Cystic lesions of the esophagus occur in 1 in 8200 patients and most commonly are bronchogenic or originate from the GI tract. Bronchogenic cysts are lined by columnar cells and contain a milky-white substance, smooth muscle, hyaline cartilage, and seromucous glands. Enterogenous cysts are lined with columnar, bowel, or cuboidal cells or gastric mucosa and contain green mucus. They occur secondary to abnormal embryonal budding; they are located periesophageally or may be intrapulmonary and average 4 cm in size. Endoscopy and barium esophagraphy reveal protruding masses with normal mucosa, but EUS must be performed to confirm their presence. If dysphagia is present from a large cyst, surgical resection is indicated. These lesions do not have malignant potential.
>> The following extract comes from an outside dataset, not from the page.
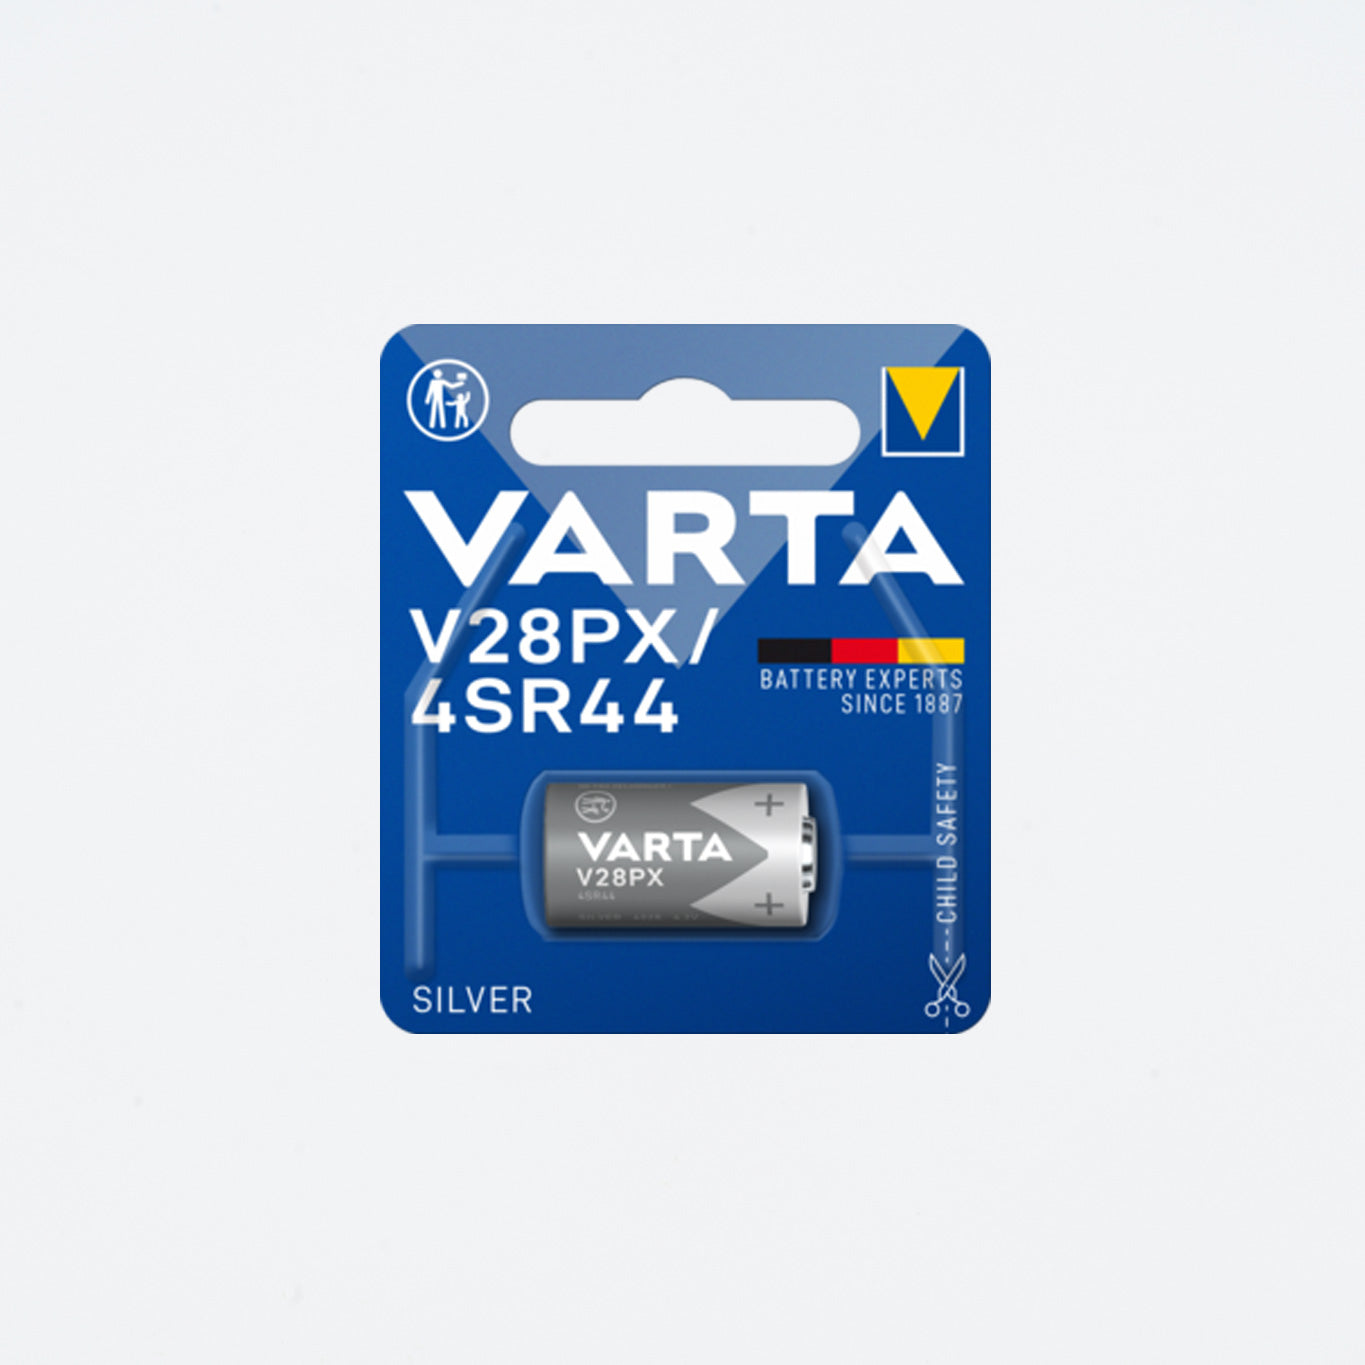 Varta V28PX/4SR44

Duplication cysts are congenital and are found in 1 in 8000 live births. They are rarely found in the esophagus, where they are located within the esophageal wall and are covered by two muscle layers covered by squamous epithelium. The cysts contain gastric mucosa in 33% of cases but they may also contain pancreatic mucosa. They are usually located to the right side of the esophagus. There is no cyst-esophageal communication in 80%, but 20% are parallel with esophagus and do communicate. They usually cause symptoms, resulting in 80% being diagnosed in patients younger than 2 years of age. Compression of adjacent structures causes dysphagia in 70%, epigastric pain in 20%, and mediastinal pain in 10% as well as respiratory symptoms and occasional hematemesis. Symptoms are an indication for surgical resection. Malignancy is rare.